The Court further considers whether allowing the amendment at this point would result in prejudice to Jordan Music Entertainment. Under Barrows v. American Motors Corp. (1983), a motion to quash may be granted when an unreasonable delay in amending the complaint to add the new defendant has resulted in prejudice to the defendant. A motion on this ground must be supported by evidence of prejudice. (A.N. v. County of Los Angeles (2009) 171 Cal. App. 4th 1058, 1066-67.)
Here, Jordan has not presented evidence of prejudice. Jordan claims that it has not participated in discovery, but it has not identified any particular discovery that it will be precluded from obtaining. Jordan further argued that Intertwined, Inc.’s application for a good faith settlement was granted before Montage added Jordan as a defendant, but that application was granted during the period that Jordan was a cross-defendant in the case. Further, the effect of the good faith settlement determination will be the same regardless whether Montage’s indemnity claims against Jordan are determined in this action or in a separate action; any claims for equitable indemnity or contribution that Jordan has against Intertwined will be precluded by the good faith settlement determination regardless of when Montage’s claims against Jordan proceed.
Finally, Jordan cannot claim prejudice from an impending trial date. As noted above, although the final status conference and trial are currently set for September 25, 2020 and October 9, 2020, respectively, the Court advances and vacates those dates and sets a trial setting conference for September 25, 2020 at 8:30 a.m.
Moving party is ordered to give notice.
Motion by Ohio Security Insurance Company for Leave to Intervene is GRANTED.
Intervention is proper where the intervenor shows an interest relating to the property or transaction which is the subject of the action and disposition of that action may as a practical matter impair or impede that person’s ability to protect the interest. Cal Code Civil Procedure § 387(b). Intervenor has an interest in this litigation in that it provides commercial liability insurance to Defendant Inviting Occasion, Inc., who cannot defend itself while it is suspended by the Franchise Tax Board.

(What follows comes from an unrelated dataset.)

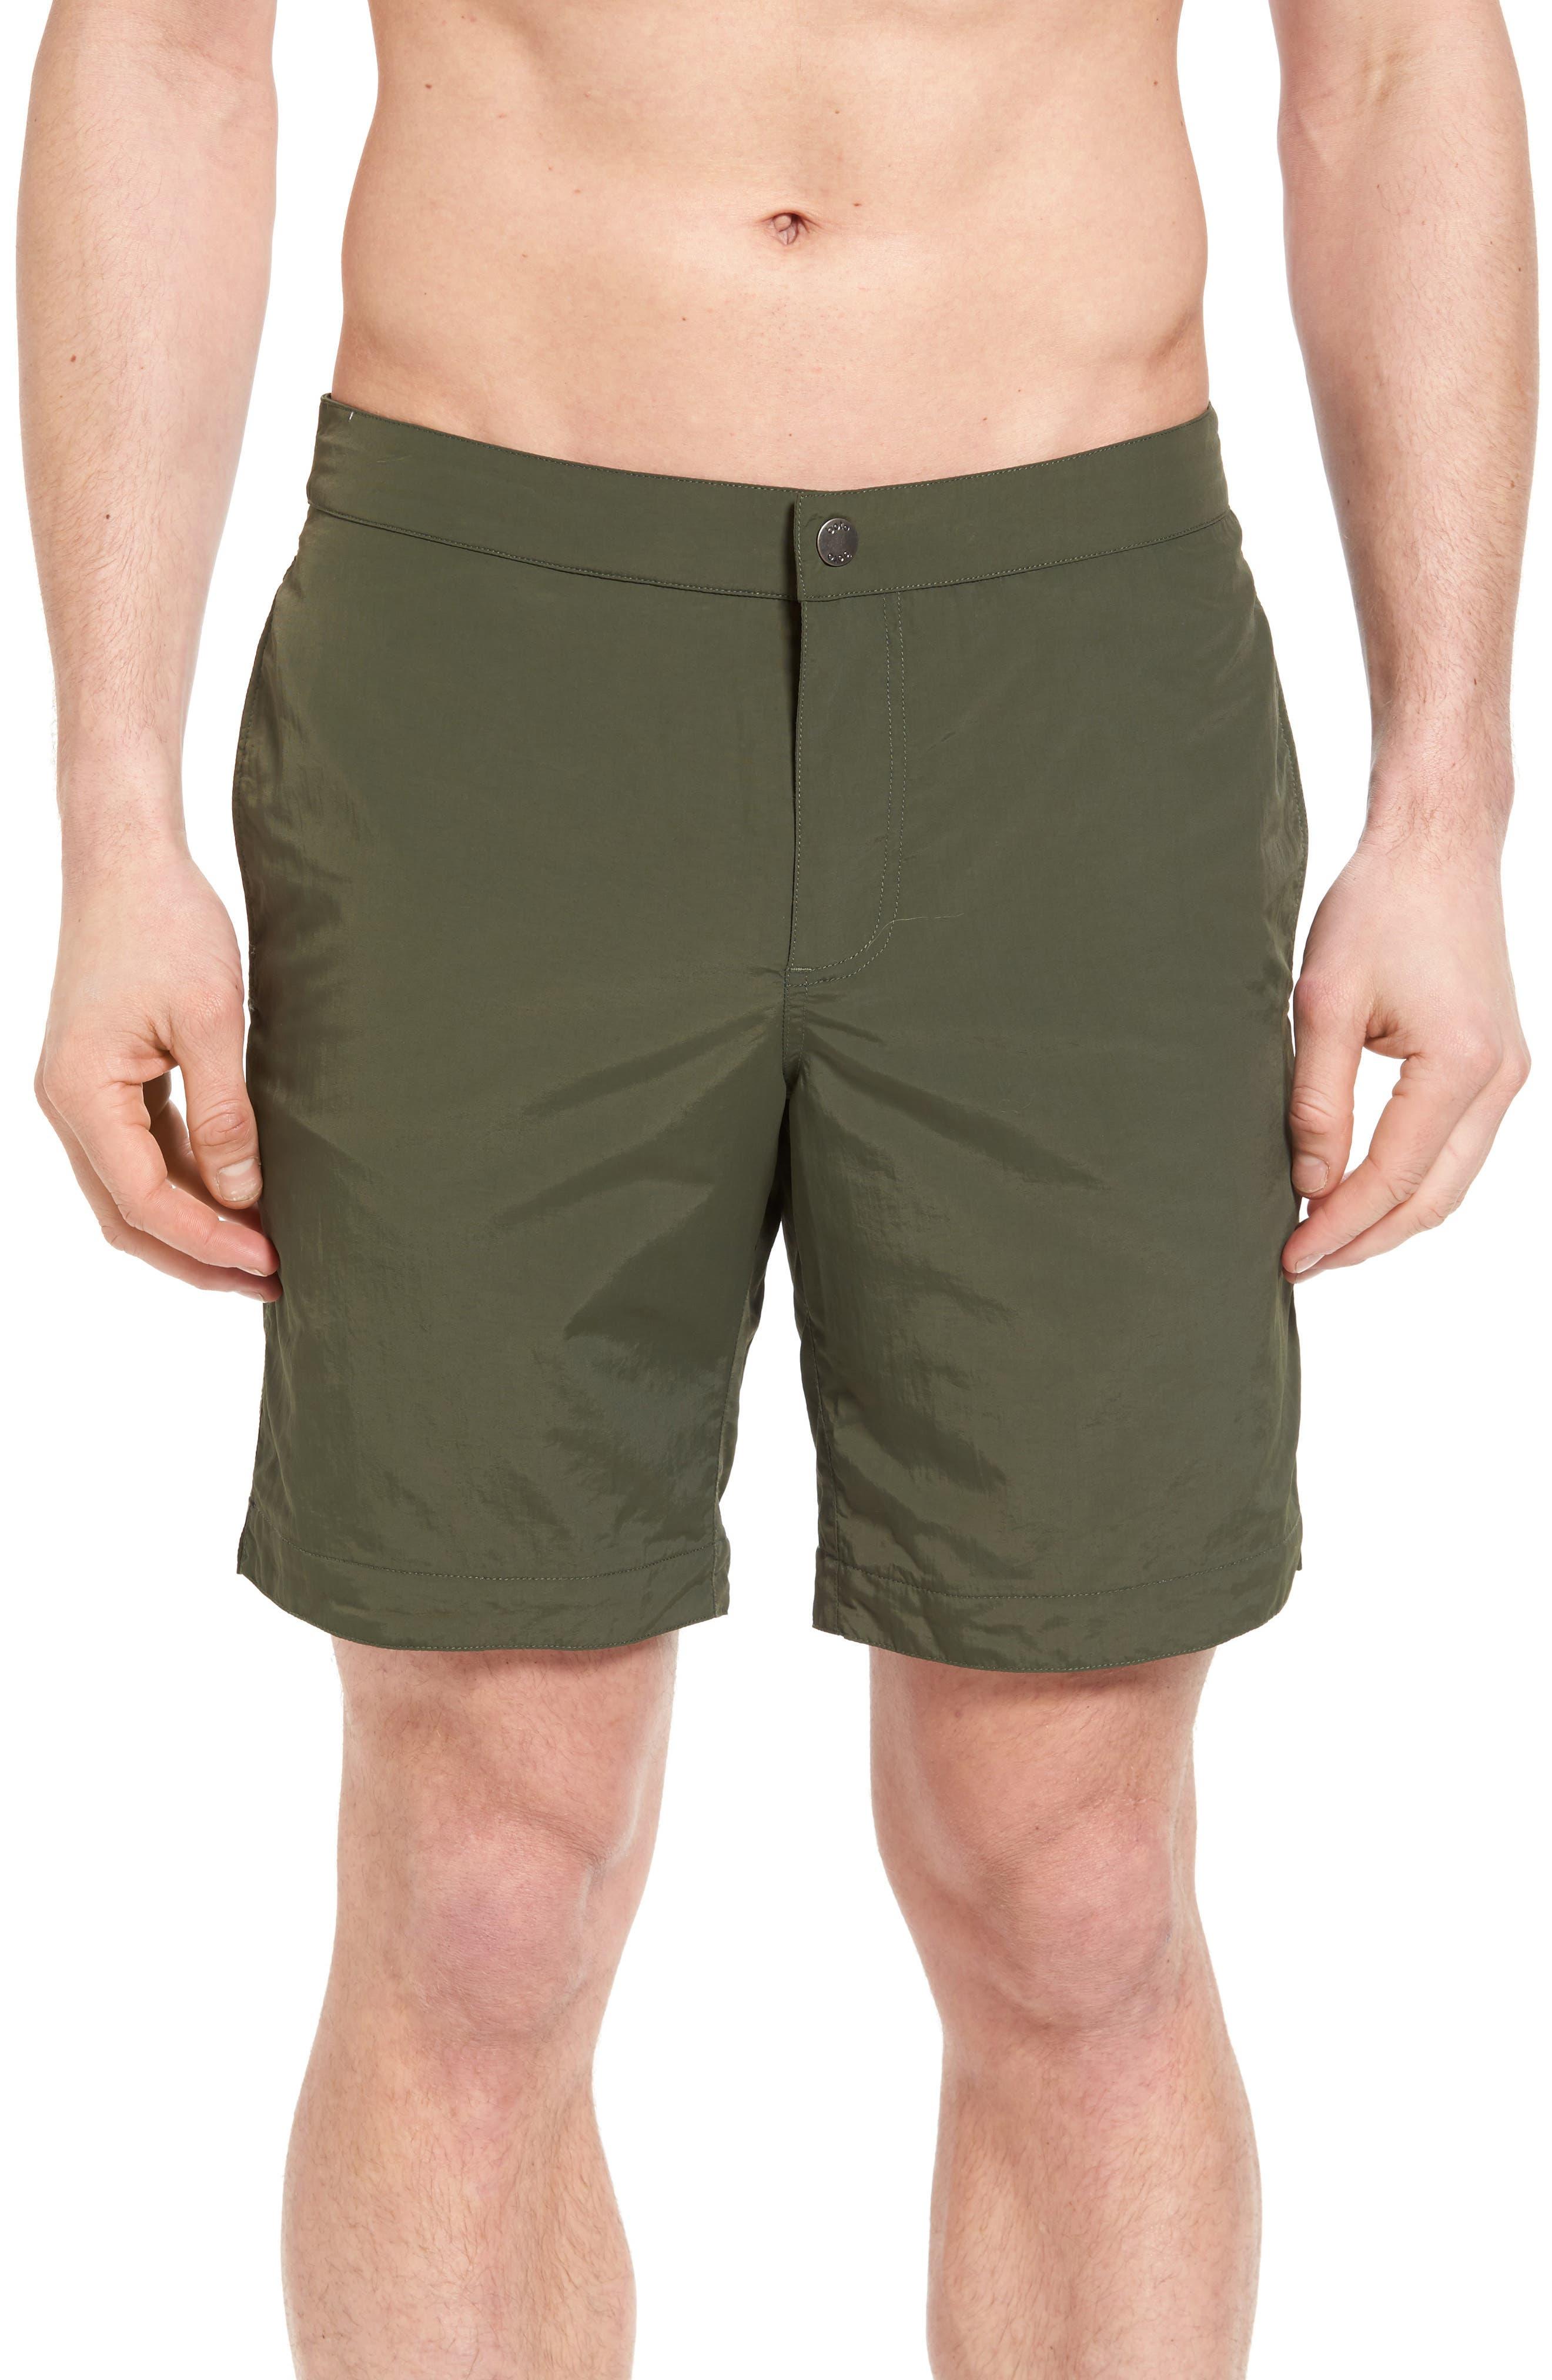 'Aruba - Island' Tailored Fit 8.5 Inch Board Shorts,                             Main thumbnail 2, color,

Declaration of Irving Feng, paragraph 3.
Intervention is permitted to allow the insurer to protect its interests in the litigation and to litigate fault or damage issues that its insured is procedurally barred from pursuing. Western Heritage Ins. Co. v. Superior Court (2011) 199 Cal. App. 4th 1196, 1207-1208; Reliance Ins. Co. v. Superior Court (2000) 84 Cal. App. 4th 383, 385; Kaufman & Broad Communities, Inc. v. Performance Plastering, Inc. (2006) 136 Cal.App.4th 212, 222.
Intervenor is ordered to file Its Complaint-In-Intervention forthwith.
Moving party is ordered to give notice.